Branca chegou a ficar zangada com Narizinho.
— Como é que para uma festa destas convida um monstro como esses? Se eu soubesse não vinha.
A menina desculpou-se, dizendo que não resistira à tentação de verificar se aquela barba era mesmo azul como diziam. Mas as princesas que não se assustassem, pois Rabicó não abriria a porta. E ansiosa por ver a tal barba, correu a espiar pelo buraco da fechadura.
— E é azul mesmo! — exclamou. — Azul como um céu!... Que horrendo monstro! Imaginem que traz na cintura um colar de seis cabeças humanas...
Não podendo resistir à curiosidade, as princesas também foram espiar. Cinderela observou:
— É esquisito isto! Sempre supus que o irmão da sétima mulher de Barba Azul o houvesse matado...
— É que não o matou bem matado — explicou Emília. – Outro dia aconteceu um caso assim aqui no sítio, Tia Nastácia matou um frango, mas não o matou bem matado e de repente ele fugiu para o terreiro...
Barba Azul danou de o não deixarem entrar. Deu vários murros na porta, ameaçando casar-se com toda aquelas princesas. Emília perdeu a paciência; botou boquinha no buraco da fechadura e berrou:
— Pois case, se for capaz! Mando Pé-de-Vento te ventar para os confins do Judas. Vá pintar essas barbas de preto que é o melhor, seu cara de coruja!
Barba Azul virou as costas e lá se foi, furioso da vida, resmungando que nem negra velha.
Logo em seguida chegou Aladim, recebido com grandes festas. Todos queriam ver a sua lâmpada maravilhosa e o seu anel mágico. Emília perdeu a vergonha, chegando a pedir-lhe a lâmpada.
— Não seja tão pidona assim, Emília! — advertiu a menina puxando-a de lado.
— Não é dada que eu quero, Narizinho. É emprestada; depois eu a entrego outra vez.

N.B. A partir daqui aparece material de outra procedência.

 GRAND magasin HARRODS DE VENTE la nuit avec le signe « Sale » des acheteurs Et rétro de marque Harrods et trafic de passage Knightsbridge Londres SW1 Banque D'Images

Aladim era um belo rapaz. As princesas rodearam-no com tantas festas que os príncipes, seus maridos haviam de ficar com ciúmes, se estivessem presentes. Depois veio o Gato de Botas. Narizinho e Emília aproveitaram a ocasião para lhe contar toda a história de falso gato Félix, que se impingiu como seu cinquentaneto.
— Mentira cínica! — disse o Gato de Botas. — Nunca me casei.

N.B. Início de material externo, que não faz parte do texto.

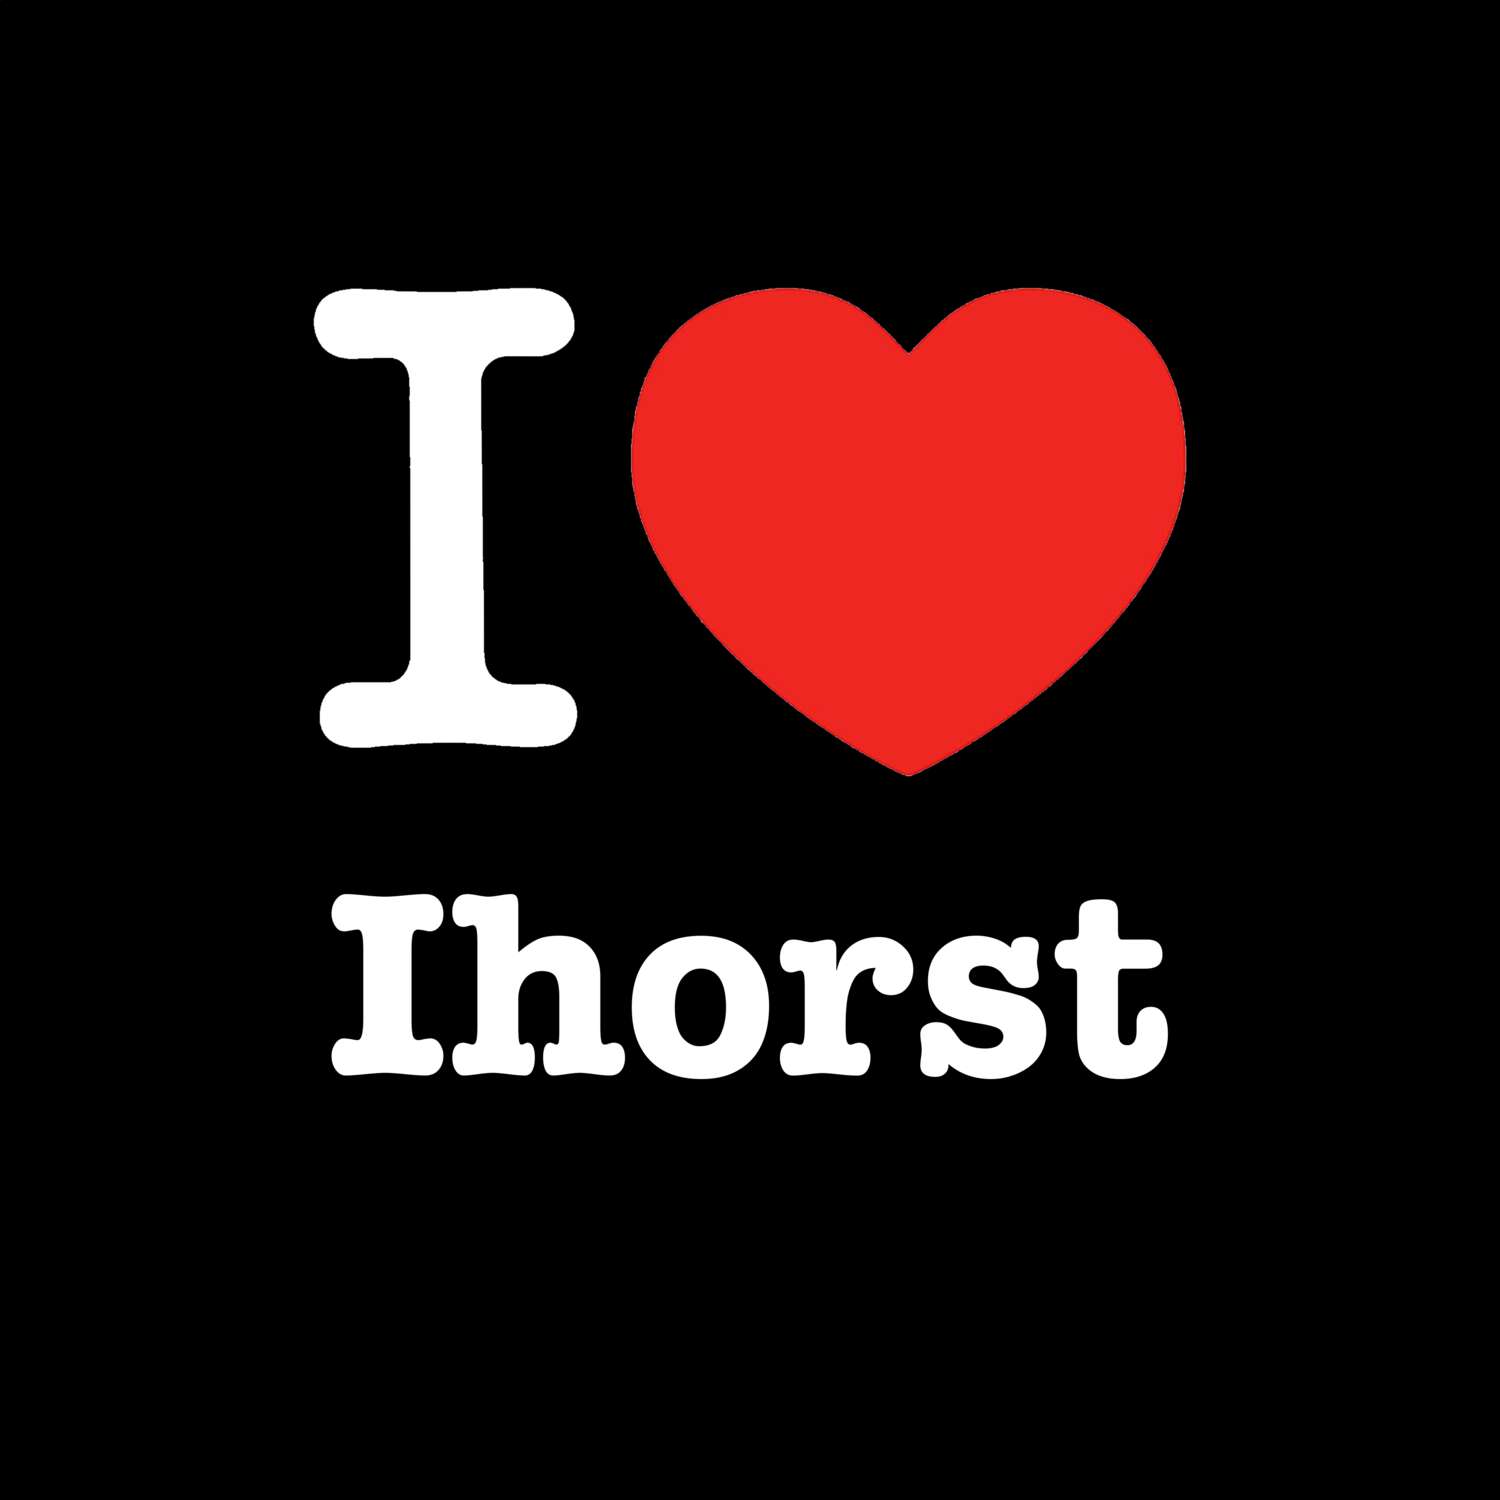 Ihorst T-Shirt »I love«

Não tive nem filho, quanto mais cinquentaneto!
O Pequeno Polegar veio cochichar-lhe ao ouvido alguma coisa — com certeza a respeito da tal conspiração contra dona Carocha.

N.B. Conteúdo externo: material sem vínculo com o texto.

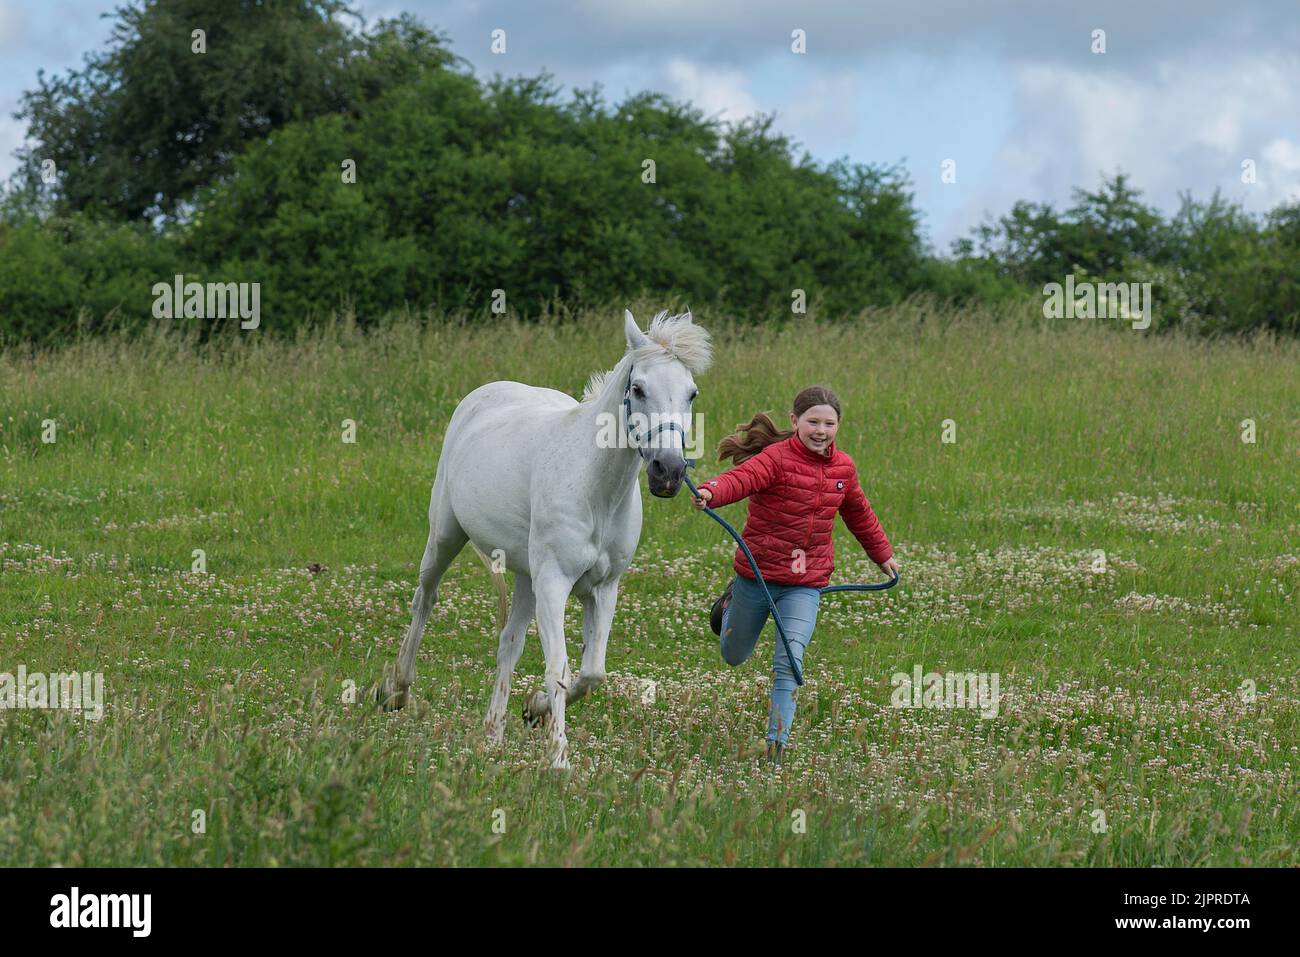 Ragazza, 10 anni, che corre con il suo cavallo nel pascolo, Meclemburgo-Pomerania occidentale, Germania Foto Stock

Emília bem que apurou os ouvidos para ver se pescava alguma coisa, mas foi inútil, Nisto Cinderela bateu na testa, exclamando muito assustada :
— Céus! Deixei minha varinha de condão em cima do criado mudo. É capaz dalgum mau gênio aparecer por lá e furtá-la...
Imediatamente o Gato de Botas e o Pequeno Polegar se ofereceram para irem ao castelo em busca da varinha. Cinderela aceitou, com um sorriso de alívio. Minutos depois voltaram os dois, cada qual segurando a vara por uma ponta. Tanta foi a alegria da pobre princesa que deu um beijo na testa de cada um. Emília quis por força que Cinderela lhe desse a varinha, ao menos para a segurar por uns momentos. Insistiu tanto que Narizinho teve de ralhar com ela.
— Se continua com esses peditórios, leva um beliscão, está ouvindo? — disse-lhe ao ouvido.
A boneca fez bico e emburrou. Rosa Vermelha consolou-a, pondo-a ao colo e prometendo mandar-lhe um saco de presentes cada qual mais lindo. E estava ainda dizendo que presentes eram, quando a porta se abriu com violência. Havia chegado um novo personagem, muito aflito, com ar de quem foge da perseguição de alguém. Entrou, fechou a porta com a tranca e ainda ficou a escorá-la com os ombros, de olhos arregalados de pavor.
— Ali Babá! — exclamou Cinderela, que o conhecia dos bailes no castelo do príncipe Codadad.
O jovem voltou-lhe os olhos, como que pedindo que se calasse.
— Os quarenta ladrões souberam que eu vinha. Armaram uma emboscada aí no terreiro e por um triz que não me apanham...
— Como? — exclamou Narizinho. — Pois a Morgiana não matou essa gente toda com azeite fervendo?
— O azeite não estava bem fervendo — respondeu Ali Babá. — Queimou só, não deu para matar. Sararam, e agora andam me perseguindo por toda parte.
Aladim pulou à frente com a sua lâmpada na mão.
— Espere que já curo esses malandros! — disse. — Chamo o Gênio e num pingo de minuto ele espalha os quarenta ladrões.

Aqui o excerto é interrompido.